Let’s practice with a small dataset about **used cars** and their prices:

| Car ID | Mileage (miles) | Age (years) | Brand | Price ($) |
|--------|-----------------|-------------|-------|-----------|
| 1      | 50000           | 3           | Toyota| 15000     |
| 2      | 80000           | 5           | Honda | 12000     |
| 3      | 20000           | 1           | Ford  | 20000     |
| 4      | 100000          | 7           | Toyota| 9000      |
| 5      | 30000           | 2           | Honda | 18000     |

**Tasks**:
1. **Identify Features and Label**:
   - Features: [List them, e.g., 'Mileage, Age, Brand']
   - Label: [Type here, e.g., 'Price']
2. **Plan a Train/Test Split**:
   - If you have only 5 records, how many would you use for training and testing? Why?
   - Your Answer: [Type here, e.g., '4 for training, 1 for testing, because we need enough data to train but at least one to test.']
3. **Think About Overfitting**:
   - What might cause overfitting in this dataset? (Hint: Think about features or data size.)
   - Your Answer: [Type here, e.g., 'Using too many specific features like car color or having too few data points.']

In [None]:
# Optional: Inspect the dataset using Python (run this cell if pandas is installed)
import pandas as pd

# Create the toy dataset
data = {
    'Mileage': [50000, 80000, 20000, 100000, 30000],
    'Age': [3, 5, 1, 7, 2],
    'Brand': ['Toyota', 'Honda', 'Ford', 'Toyota', 'Honda'],
    'Price': [15000, 12000, 20000, 9000, 18000]
}
df = pd.DataFrame(data)

# Display the dataset
df

## 5. Reflection

**Question**: How could overfitting affect a real-world ML project, like predicting car prices for a dealership? Write 1-2 sentences.
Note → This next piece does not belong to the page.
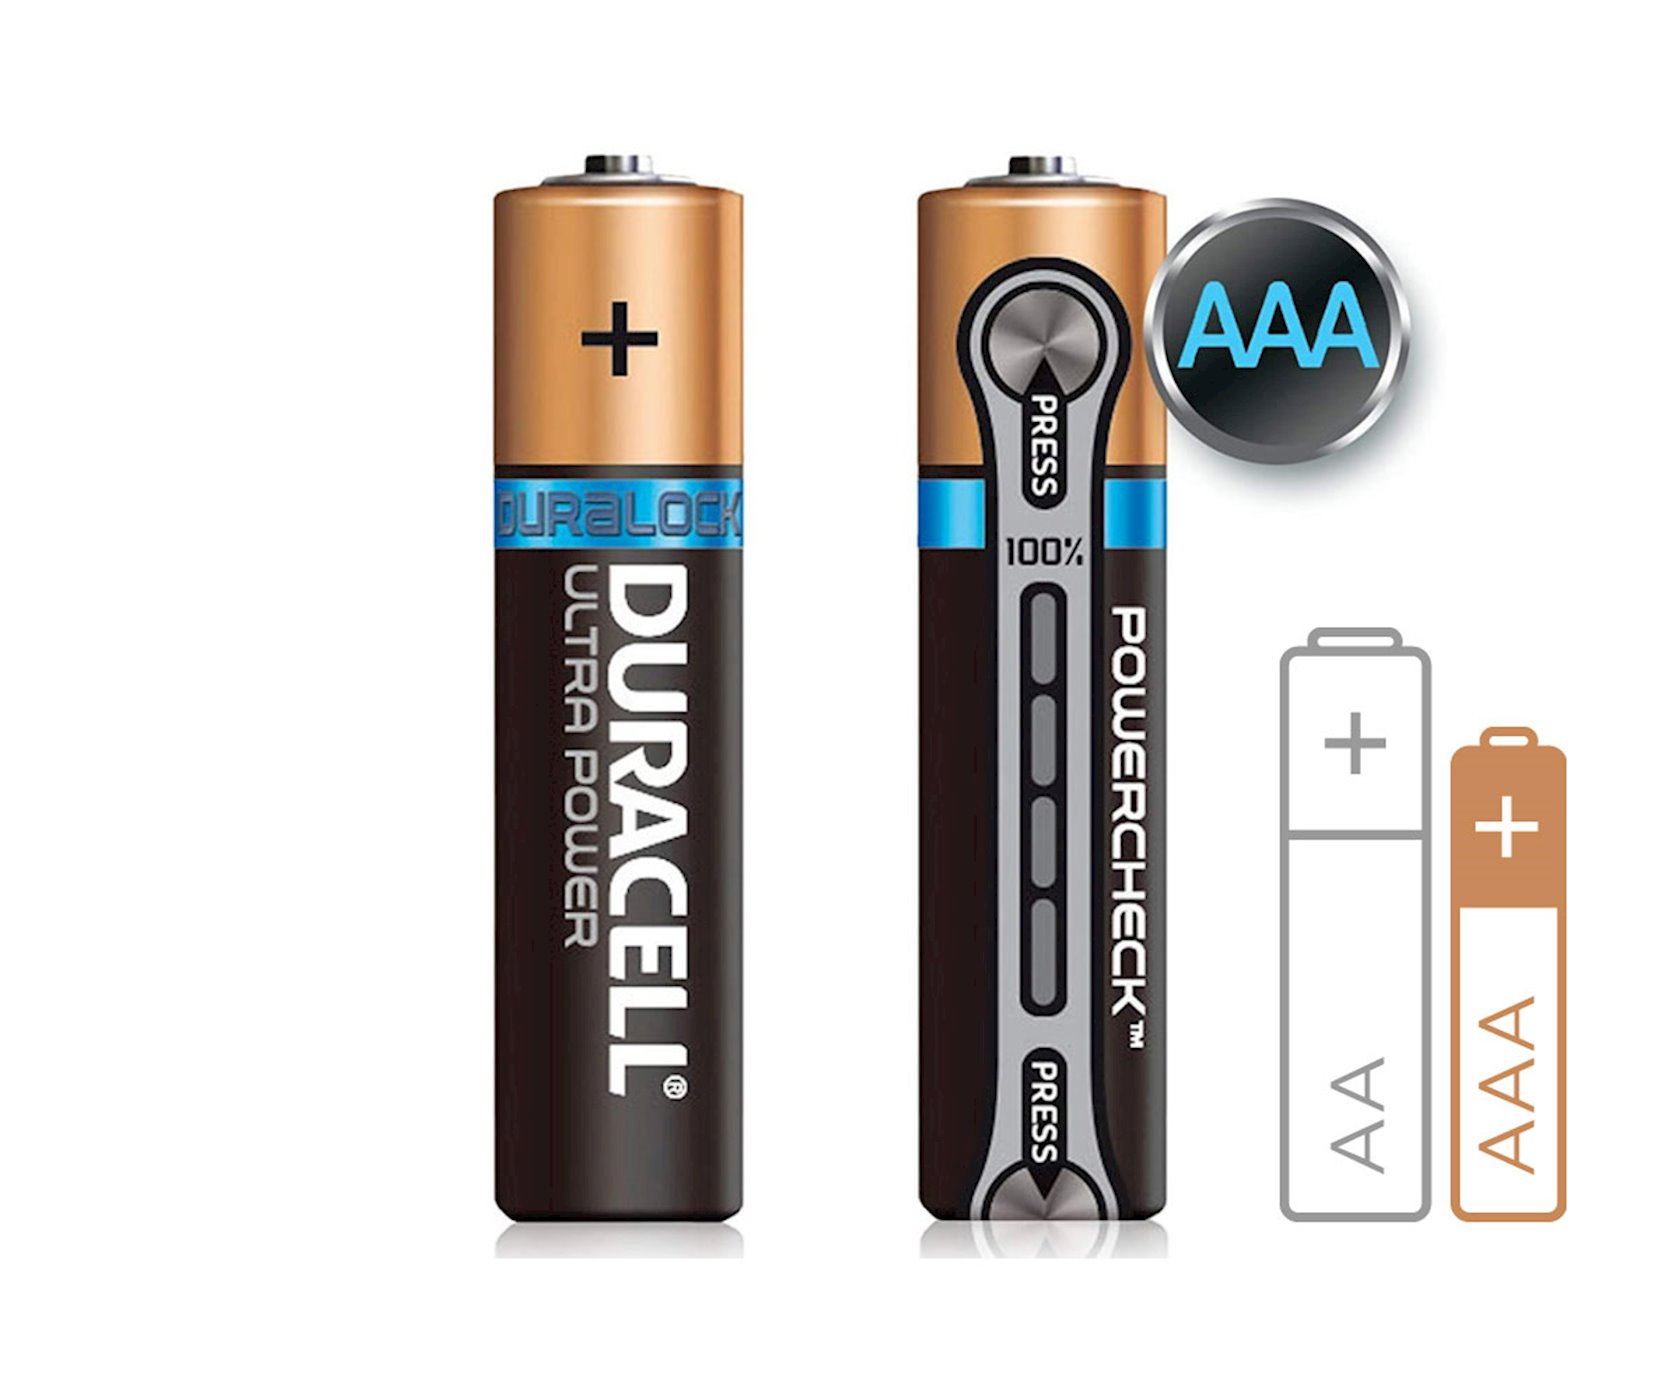 Batareya Duracell Ultra Power AAA LR03 MN2400, 1.5V, 4 əd, 78x84 mm, 44 q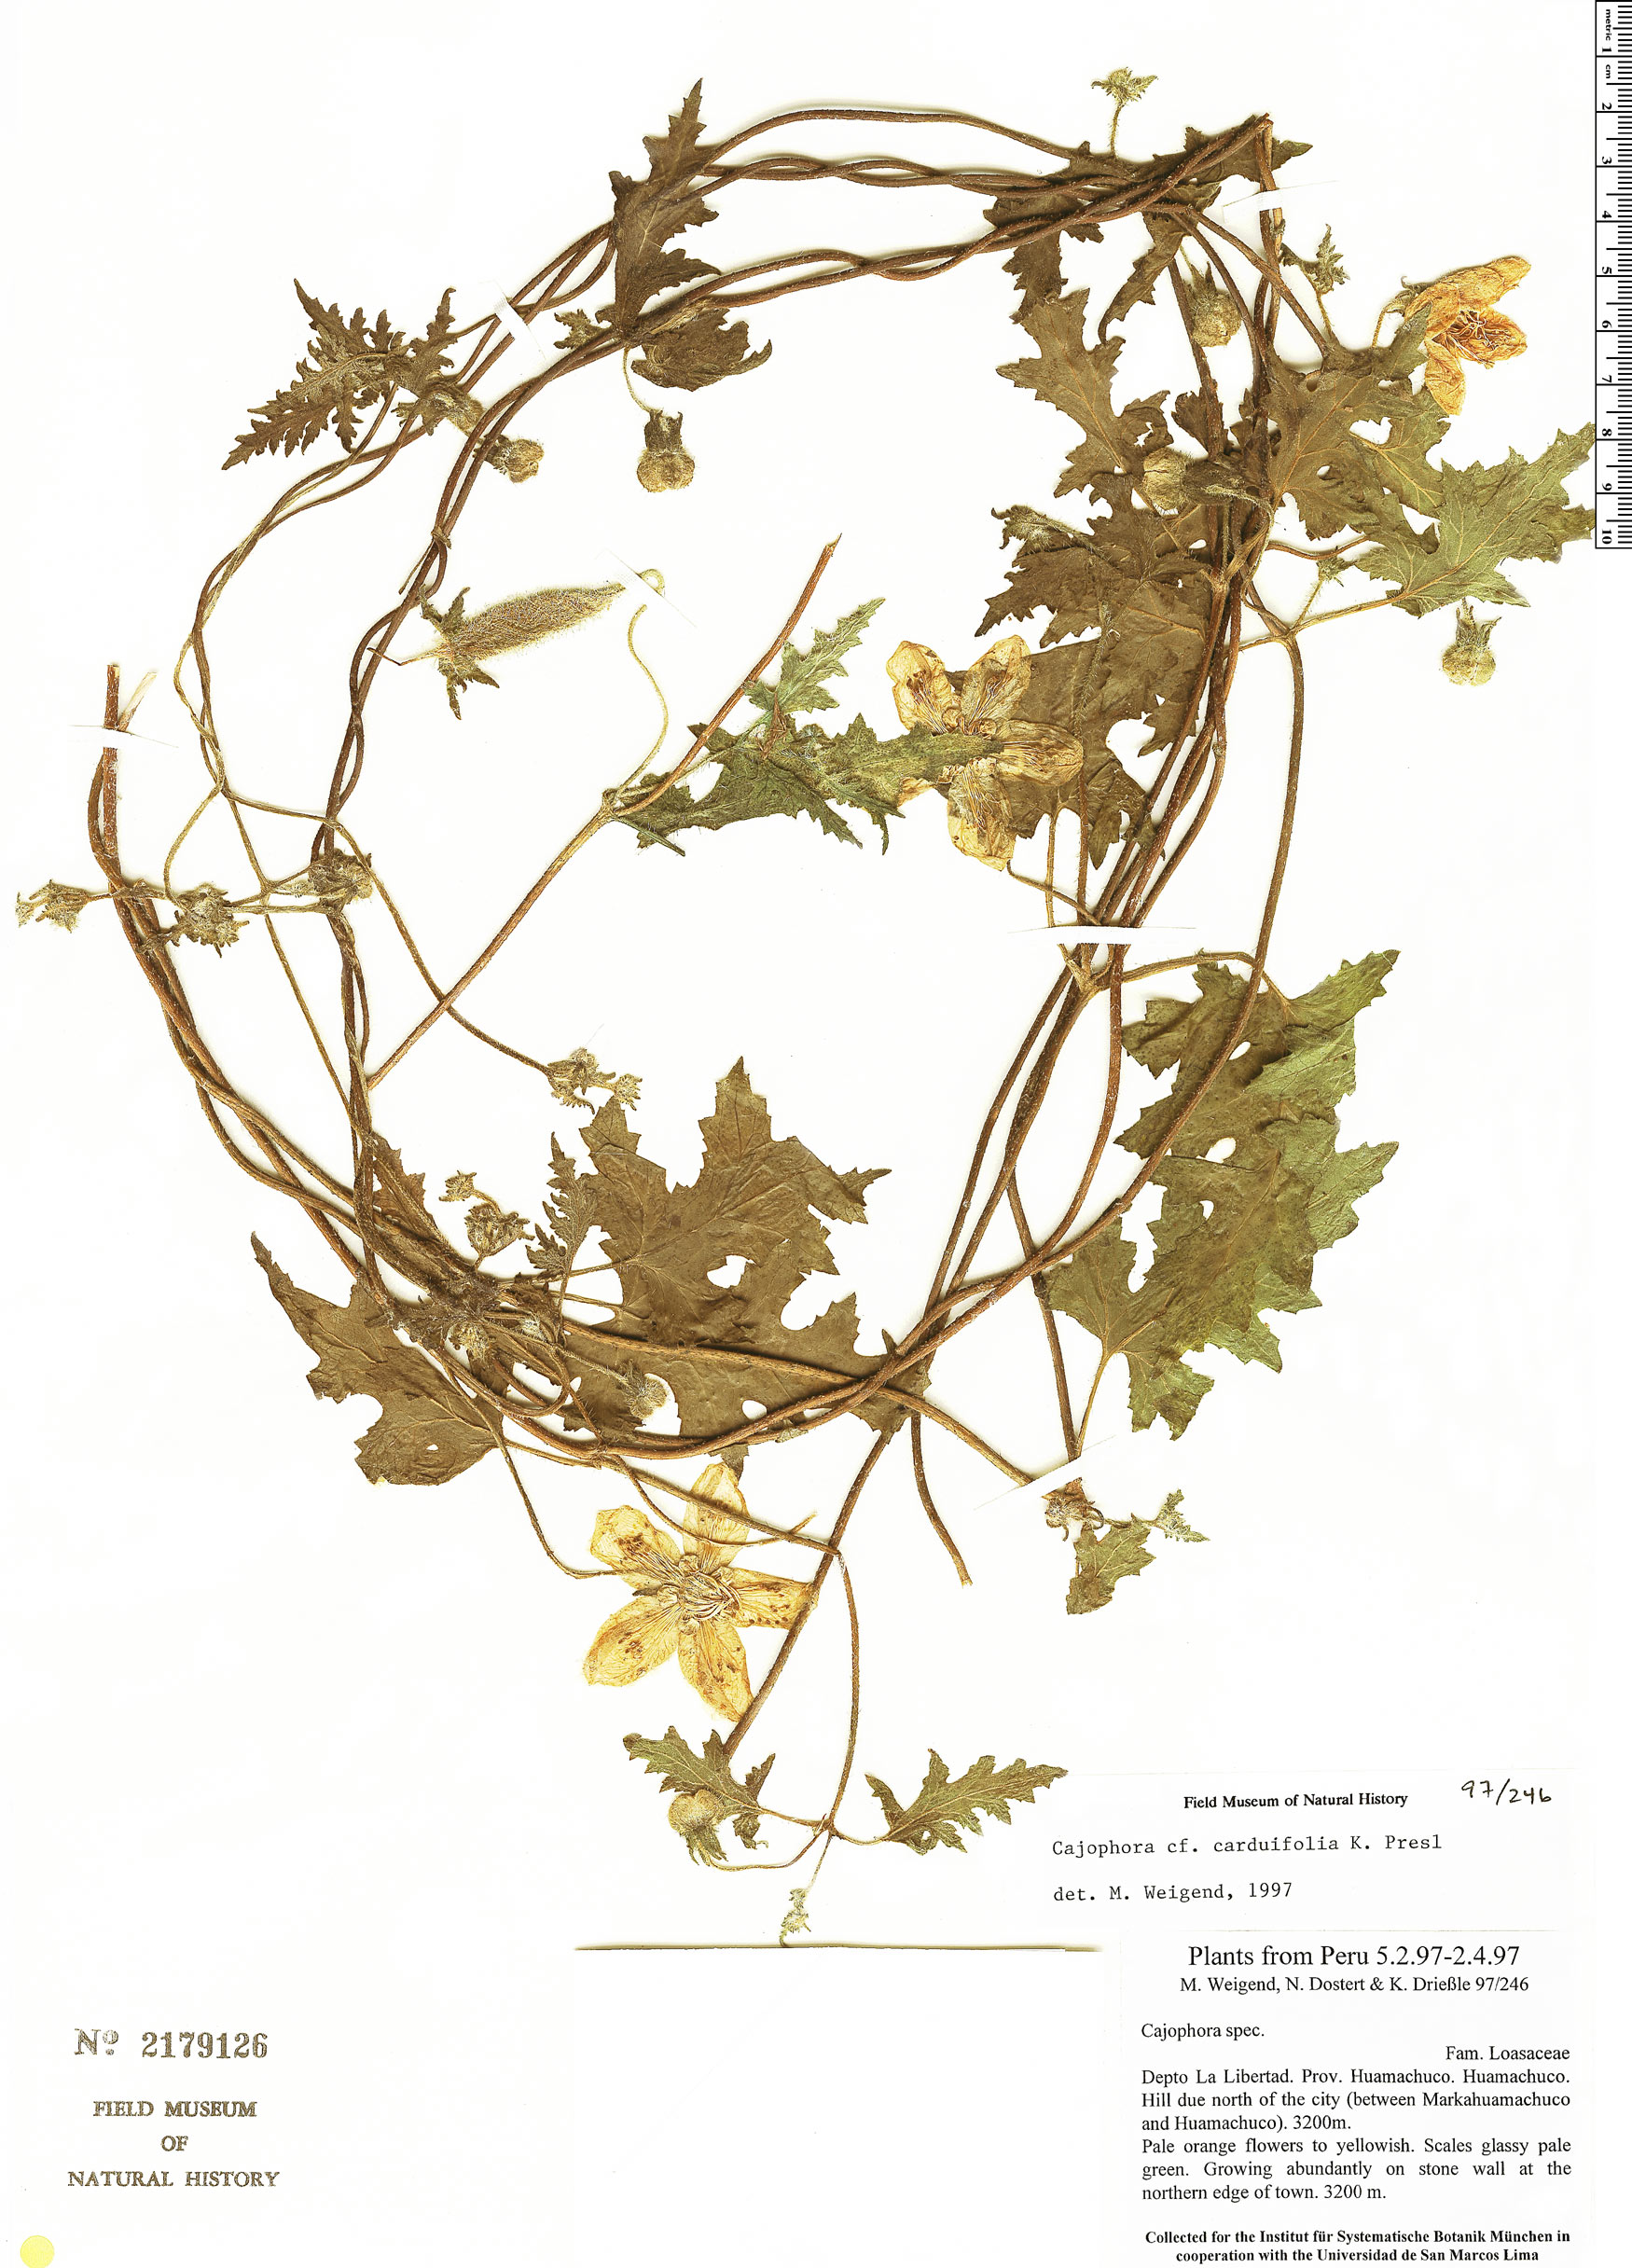 Specimen: Caiophora carduifolia

**Your Answer**: [Type here, e.g., 'Overfitting might make the model predict perfectly for known cars but fail for new ones, costing the dealership money.']

## Next Steps

Great work! You’re building a solid ML foundation. For homework:
- Read a short article on overfitting (e.g., search 'overfitting Towards Data Science').
- Write 1-2 sentences on how to prevent overfitting and bring to class.

Save this notebook and share if requested. In Class 3, we’ll start using scikit-learn to load and split datasets!